All right. Well, listen, I just -- I want to thank everybody very much. We are extremely excited about the fact that the government of Iraq has announced and has had today confirmed the ministries of the last three, both in Defense, Interior and National Security, which gives them that opportunity to truly take a step forward. And then it was complemented by the fact that a terrorist that was out there killing Iraqi civilians today no longer exists.

At least twice asked if Zarqawi (or "Zarqawi") was dead from the air strikes, responded in the affirmative. That's not correct. So is Caldwell a liar or a useful tool that they feed lines to when it's time for spin?

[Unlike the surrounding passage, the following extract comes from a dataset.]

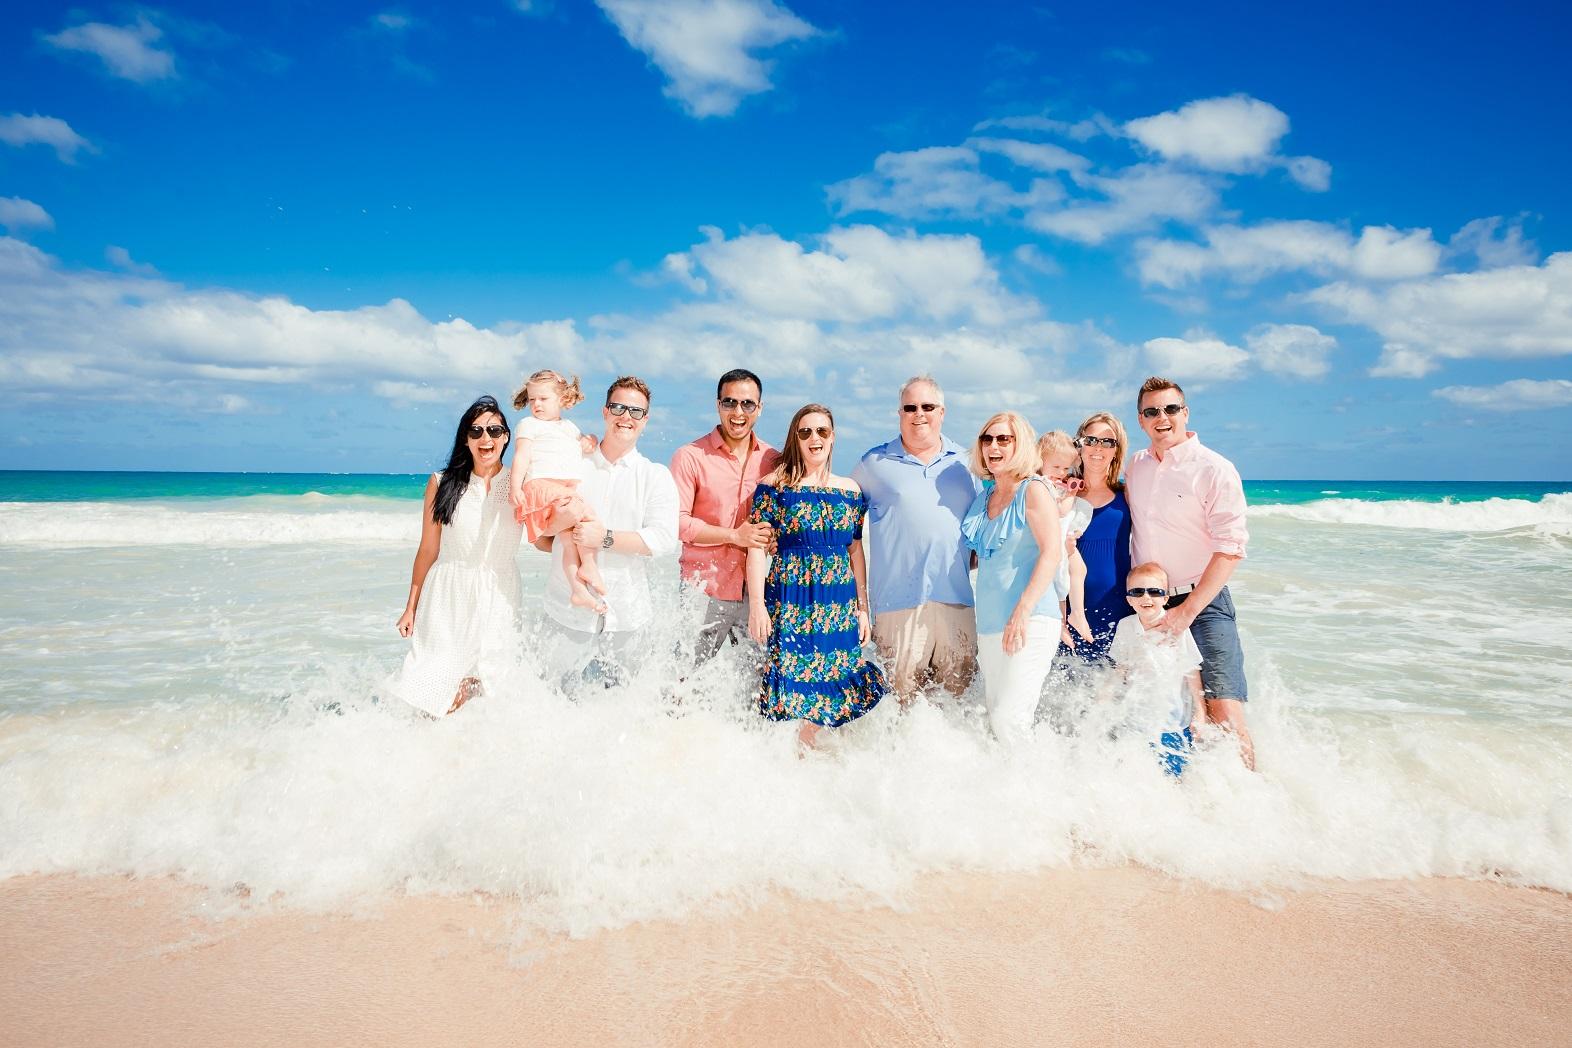 Oahu family vacation ocean beach wave portrait
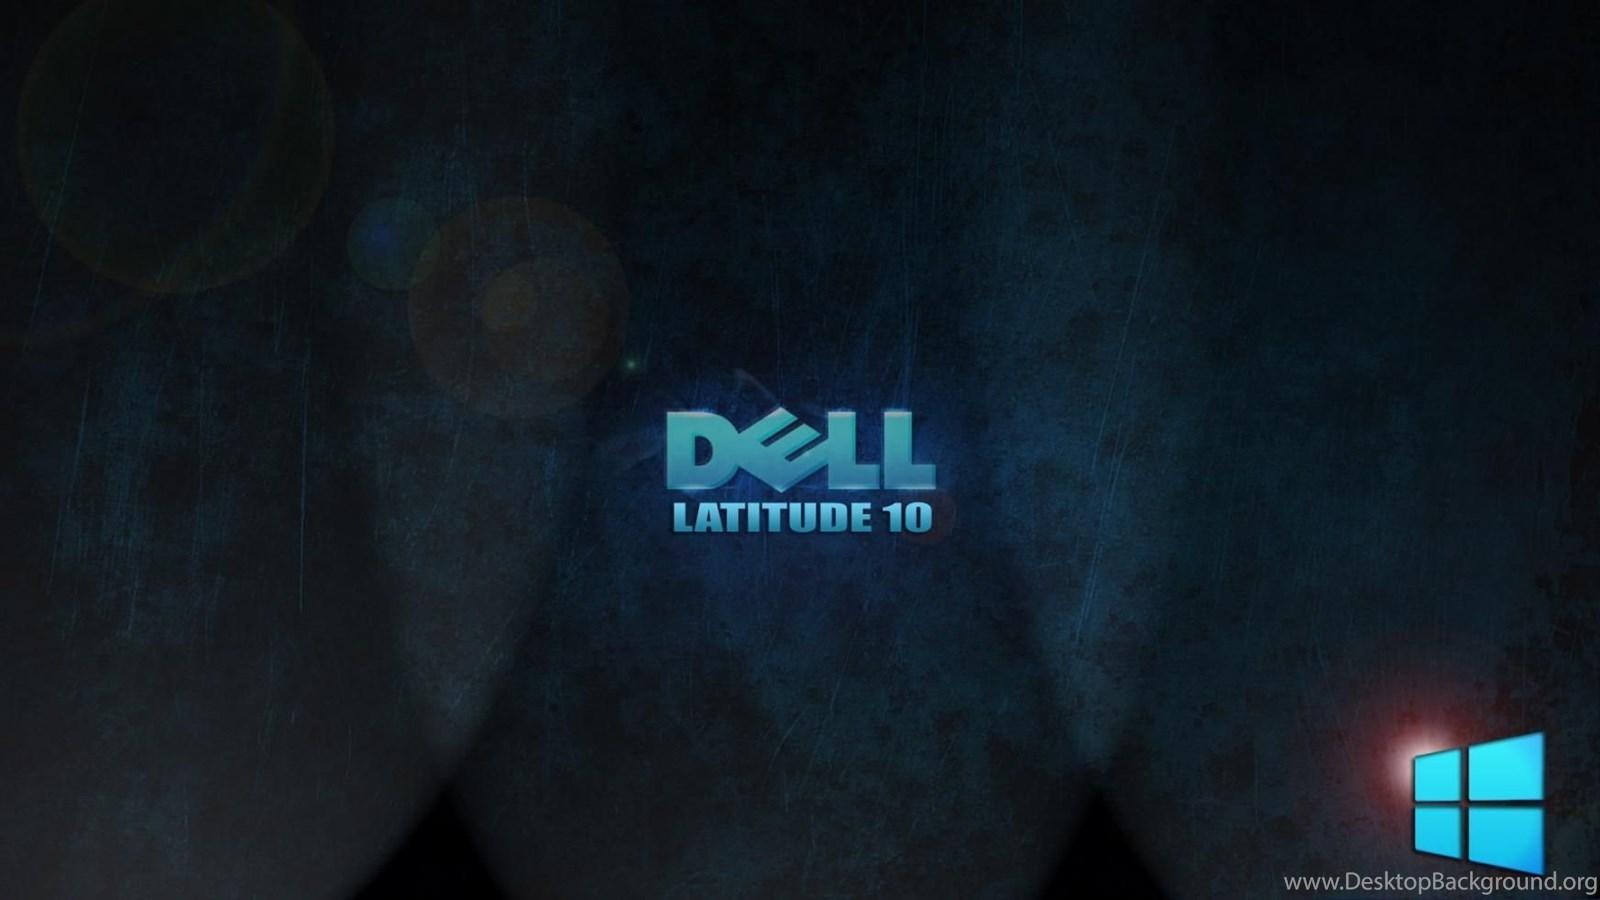 Dell Latitude Wallpaper Images 9488 Hd Pictures Desktop

Martha noted the earlier Washington Post article but Bryan notes another one and wonders if we can quote from it because "it's mainly about movies but I think it gives a look at the life on the ground that we really don't get most of the time." I agree and I'll even offer transition. Caldwell (what, you thought we were done with him?) is fond of telling everyone with a pen and paper that his father (Willie III is the father, Willie IV is in Iraq and has also fathered Willie V) loved, loved, love Jerry Bruckheimer's Pearl Harbor and thinks it's just as it was when Willie III was a teenager. Whether that's true or just more hot air (Bruckheimer's been very good to the Bully Boy), it's a movie and maybe, if the people of Iraq can endure a little more suffering, it can play in Iraq? Here's Joshua Partlow's "Baghdad's Cinemas Falling Casualty to War: Few Remaining Theaters Pull In Meager Audiences With Replays of Old Films" (Washington Post) telling you what is and what is not playing at your local Iraq theaters:

In the capital of this warring country, where days beat to the percussion of bombings and gunfire and nights are spent locked down under a citywide curfew, Baghdad's remaining moviegoers are all lonely souls. The showing at the cavernous Semiramis cinema, with its 1,800 red velvet seats and two balconies, attracted just 11 people, each of them sitting by themselves.
"People like me are starting to feel ashamed of coming over here. Because of the violent situation, they think you are a carefree person if you go to the cinema in such conditions," said Ali Hussein, 49, a cosmetics wholesaler unemployed since his office burned down six months ago. "But some people feel more secure here than in the cafes and restaurants, which are being blown up."
Most of the city's once-popular movie theaters have shut down for lack of business. Those that remain open save money by replaying the same films. As with art and music and theater in Baghdad, going to movies is a cultural luxury losing out to the daily killing.
"There are more stories worthy to become movies in Iraq than there is oil in this country," said Ziad Turkey, the cinematographer of "Underexposure," Iraq's first post-invasion feature-length film. "But we don't have an audience. All that we have, the movie houses, are merely buildings. They are not theaters."
At Semiramis, in central Baghdad, moviegoers used to line up off of Sadoun Street to watch one of seven daily films, said an employee who feared to give his name. Now, in addition to the Egyptian movie, there are three choices: Jackie Chan's "Thunderbolt," Jet Li's "Hero" and Wes Craven's Baghdad-appropriate effort "Scream." All were released before the U.S.-led invasion in 2003. The owners can no longer afford to import the latest films.

That's not an insult of the article. I agree with Bryan, it's a view of reality. And probably something many who may have more difficulty relating to other news (such as zeroes and zeroes and zeroes) can relate to.